What keeps me hopeful is, plain and simple, my passion for film. I hope to use this passion to create an excellent personal essay and exceptional supplemental materials, such as the writing samples. I'm also going to do everything I can to get me an interview, and will be sending them a copy of a full-length script I'm currently writing and that I'm very proud of so far; hopefully they read over it. 

So that's basically all I can say about my situation at the moment. If you asked me how confident I am in my talents and drive, I'd tell you it was nearly through the roof (not to sound like an ahole, I'm just trying to say that I'm really confident in what I can and want to do). Still, I fear that my not-so-impressive High School career will hurt my chances to the point where it will keep me from attending my #1 choice for a university. 

I wanna say thanks in advance to everyone who read this. I know it's not your problem, so I have to be grateful if you've read everything so far and are willing to write back.

Hope to hear from you guys soon!


----------



## armen (May 21, 2008)

I'm in the same boat as you... sort of.

I'm attending a community college right now and applying for Fall 2009. I'll have around the same GPA as you (3.0-3.2) at the time of applying. I'm worried because I'm not sure if that's good enough but I can't let it hold me down. I'm giving it all I've got for my portfolio and I already have some work experience to back it up.

That's the best I can do, and probably, the best you can do as well. There's nothing you can do really about your GPA. So retake the test if you wish, but show your dedication through your portfolio because that's where it boils down.


----------



## Bandar Albuliwi (May 21, 2008)

Guys listen,

I had a horrible college GPA (Just about 2.5) and I got into two of the best film schools in the world (AFI's Directing program and NYU's MFA in Film Production).

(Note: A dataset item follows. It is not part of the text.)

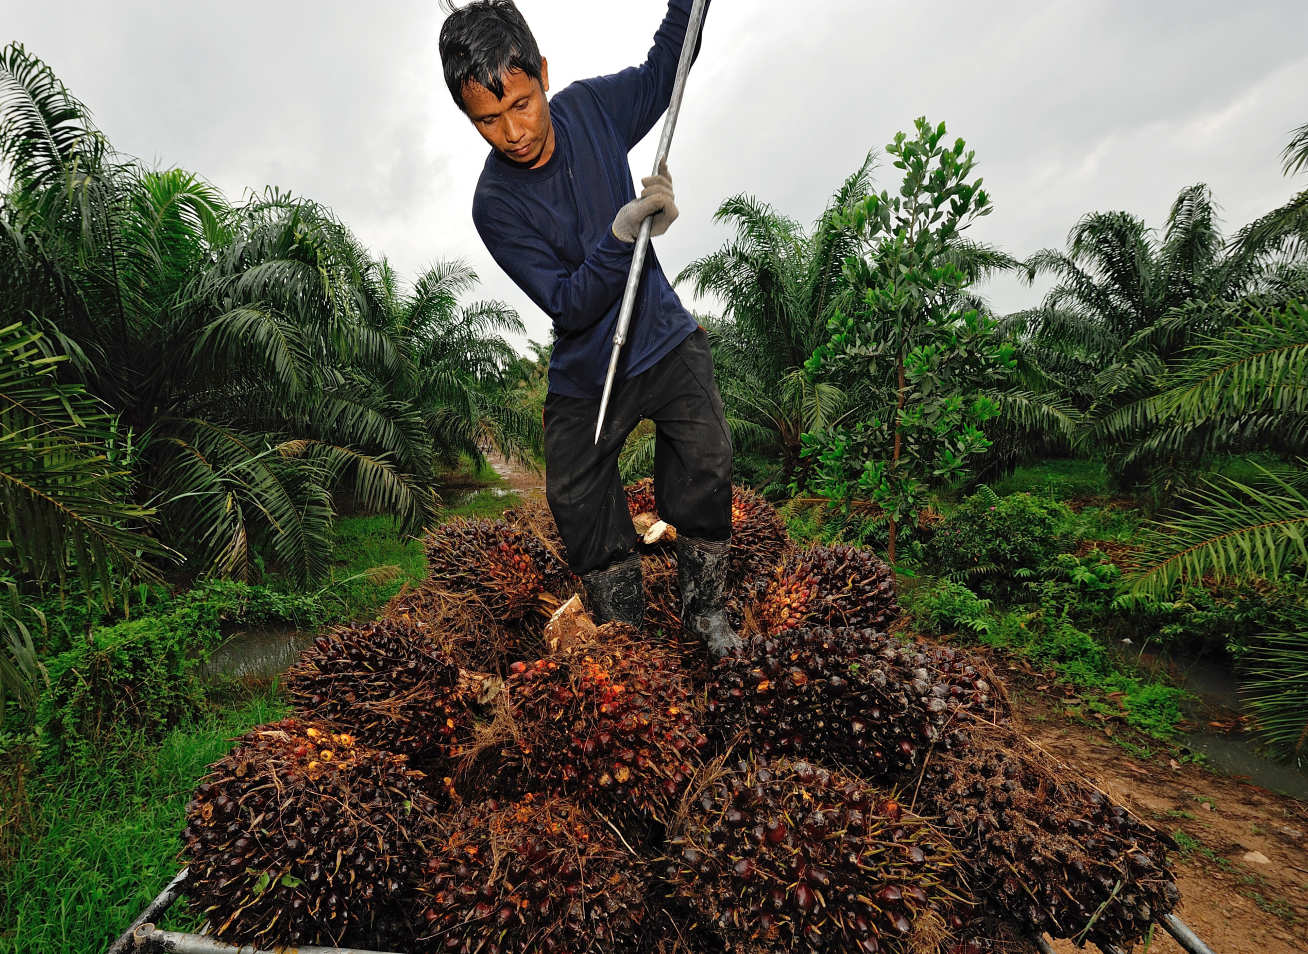 A man working with palm oil fruit in Thailand

Do NOT let a GPA or your grades discourage you from applying.  Give it all you got, send them your creative samples, tell them why it is you want to become a filmmaker.

Trust me, they will see past your grades if your talent and drive is extraordinary.


----------



## CelestiallyEccentric (May 21, 2008)

I applied to Chapman a couple of months ago. I'm in the same boat as both of you as far as GPA. High school I had a 3.4 GPA and college, so far I have a 3.1 bordering on 3.2. 

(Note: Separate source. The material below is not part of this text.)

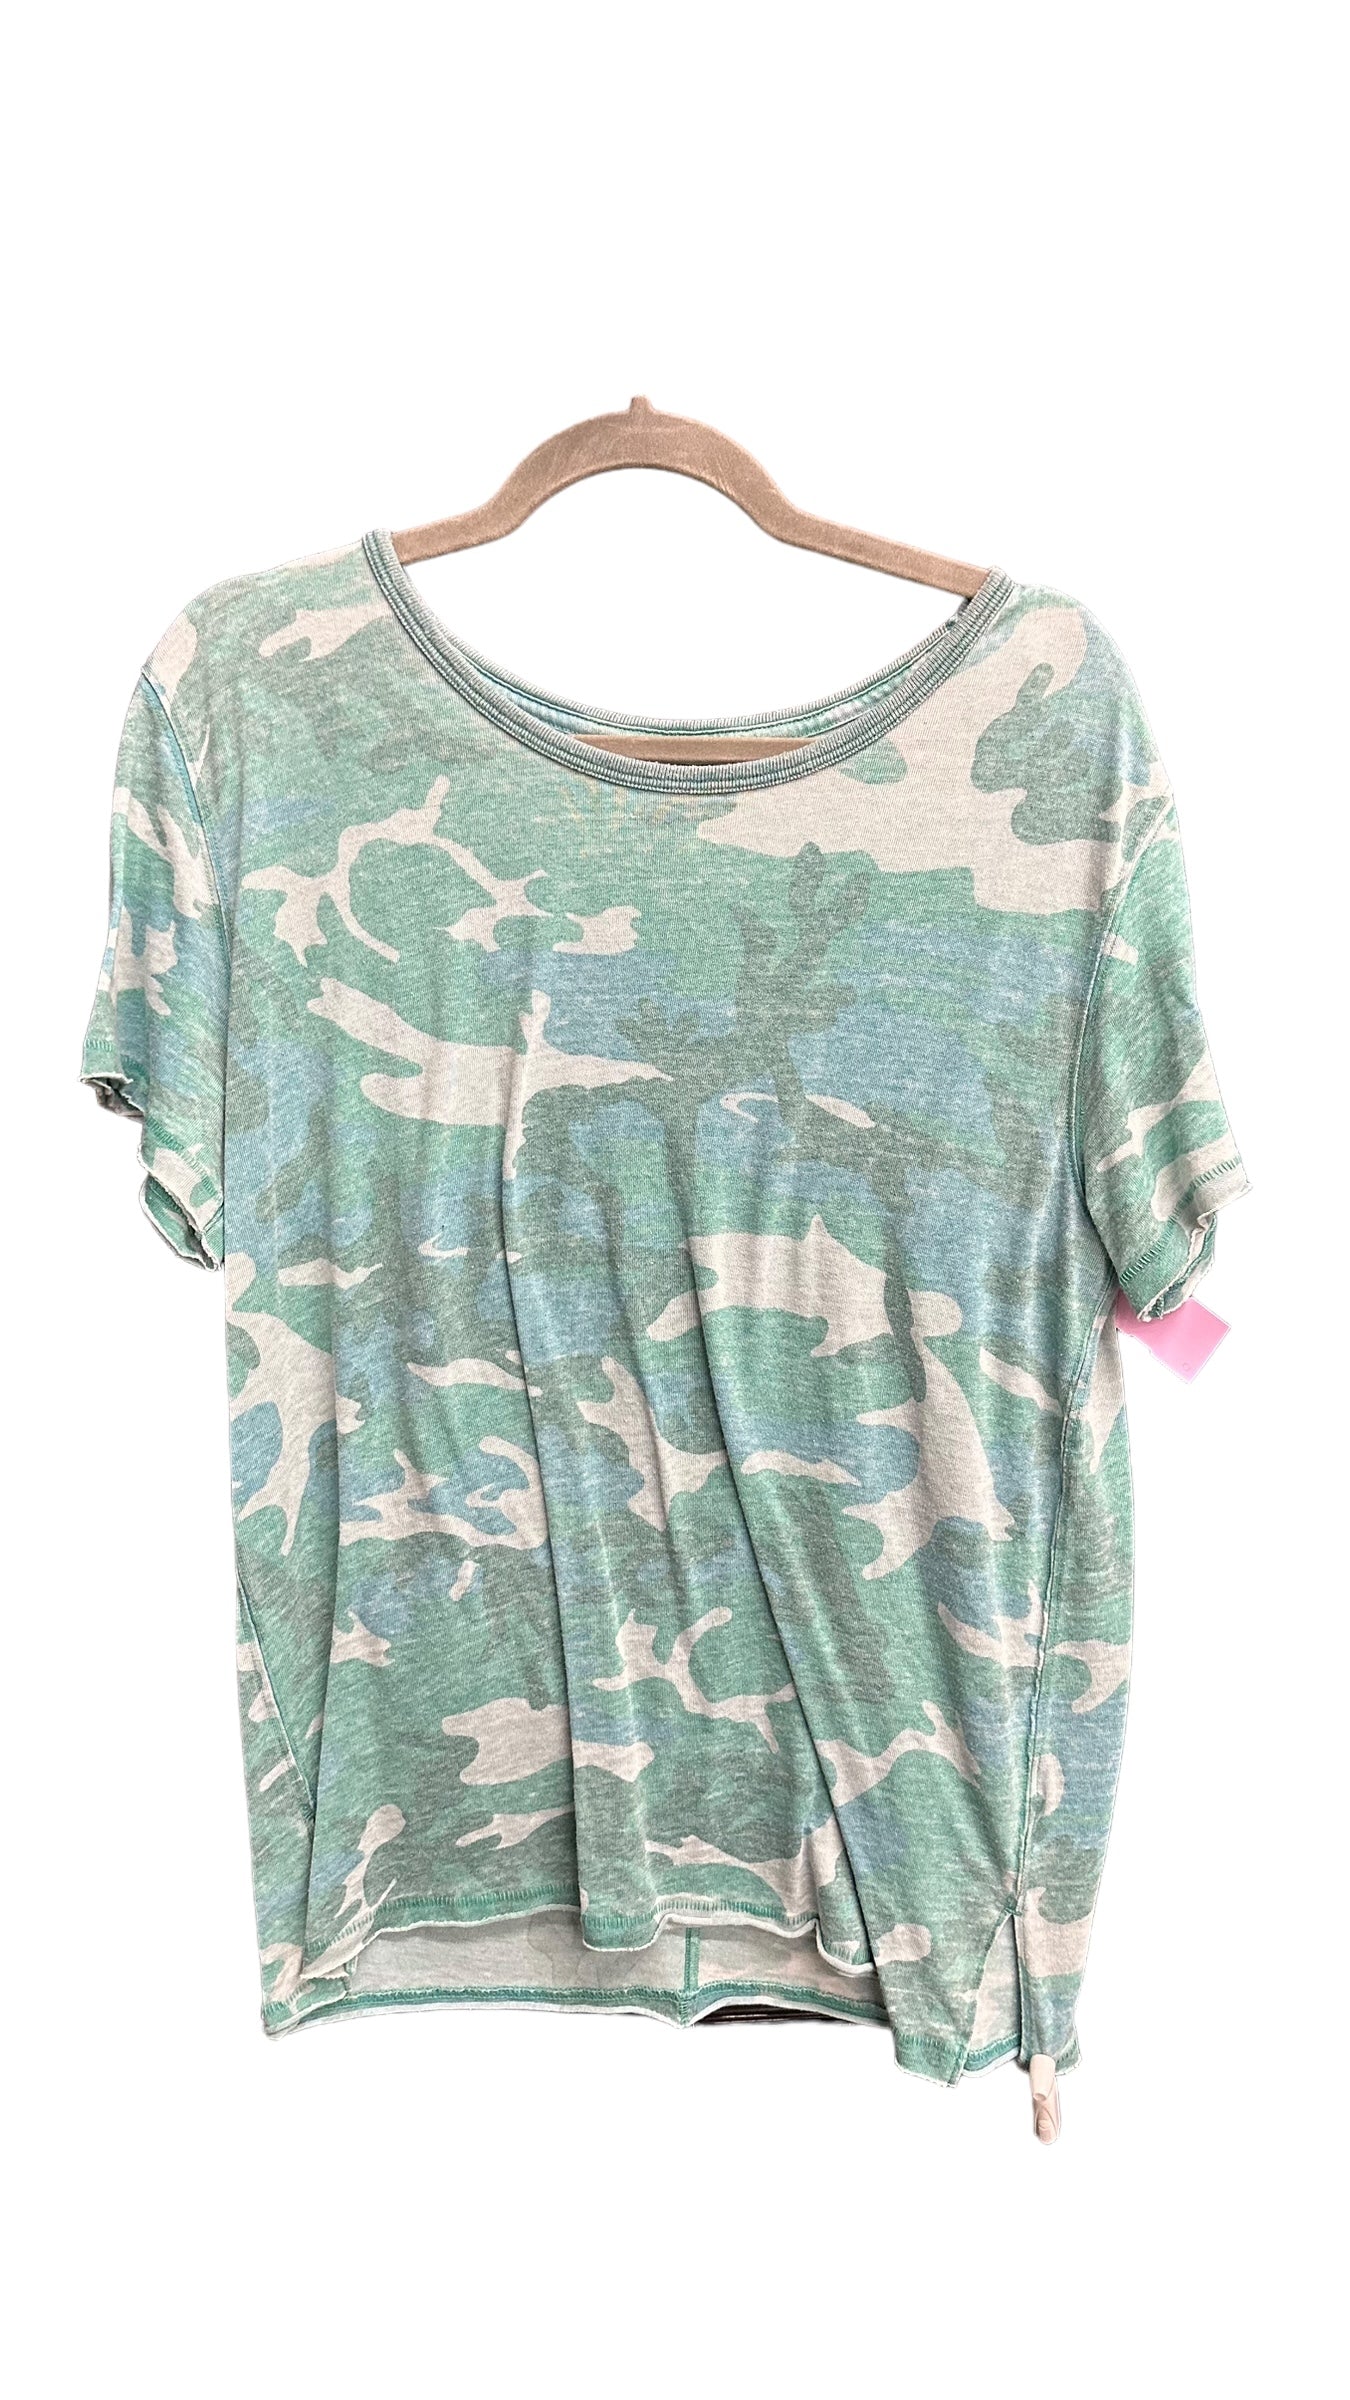 Camouflage Print Top Short Sleeve Free People, Size M

My advice to you would be to focus on the essays because these are going to have the most weight in whether or not you'll get accepted. 

I personally believe that we all attract our admissions decisions. Have you ever watch The Secret? It's a film about the Law of Attraction. Whatever you're thinking or feeling you will attract to you no matter what. So keep that sky rocketing confidence as high as possible and start feeling like you already got in!  It works! 

Good luck!


----------



## Daniel G (May 21, 2008)

I'd have to agree with Bandar. It's the quality of your creative submissions. 

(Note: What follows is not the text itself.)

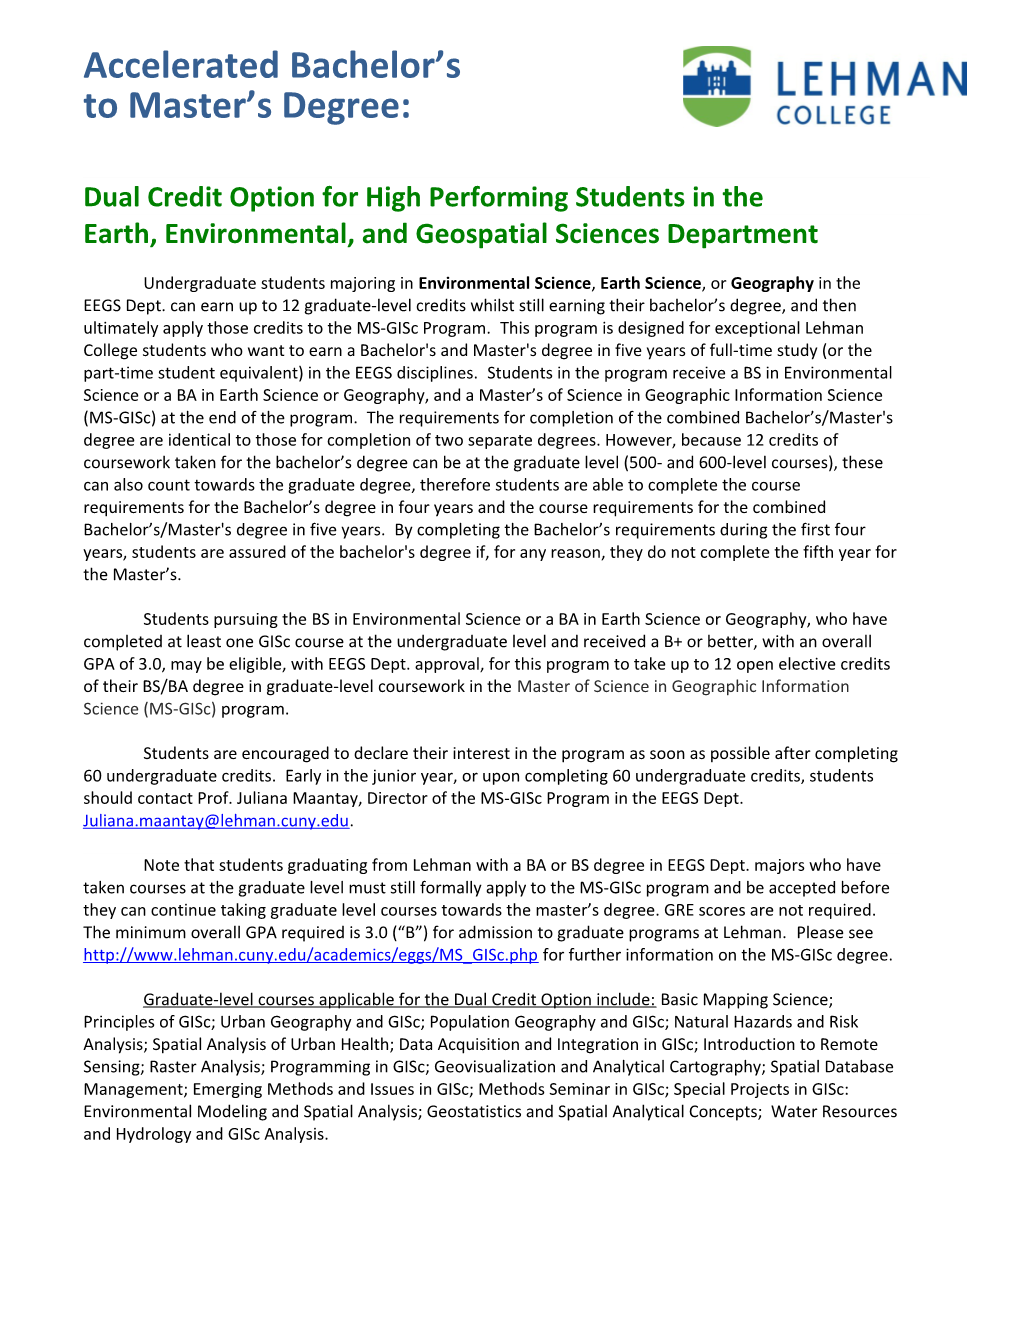 Dual Credit Option for High Performing Students in The

I'm going to USC this Fall as a Grad student (not undergrad) so my application process was a little different. I did my Undergrad in Australia (which don't use GPA) but from what I remember a 3.0 is merely just a cut off for applicants. So as long as you're above 3.0 your application gets a pair of eye-balls.

Leo, are you wanting to apply to Screenwriting or Production? For the Production App there's no opportunity to send a screenplay, but there certainly is for Screenwriting (though limited to 20 pages).

What I really liked about USC's application compared to all others was the "portfolio list". It allows you to outline everything you've done creatively (film or non-film). For example I included all the theatre, radio, short-fiction, journalism and published academia that I otherwise wouldn't have been able to mention. I don't think extra-curricular is that important, but certainly a creative curricular is. 

Personally, I don't believe in the law of attraction, but I do believe in the law of getting **** done. Do as much now creatively as you can, gain as much experience doing side projects or work experience, so that you can submit a kickass application. And when you go in for an interview, you'll have interesting and unique experiences to pluck from.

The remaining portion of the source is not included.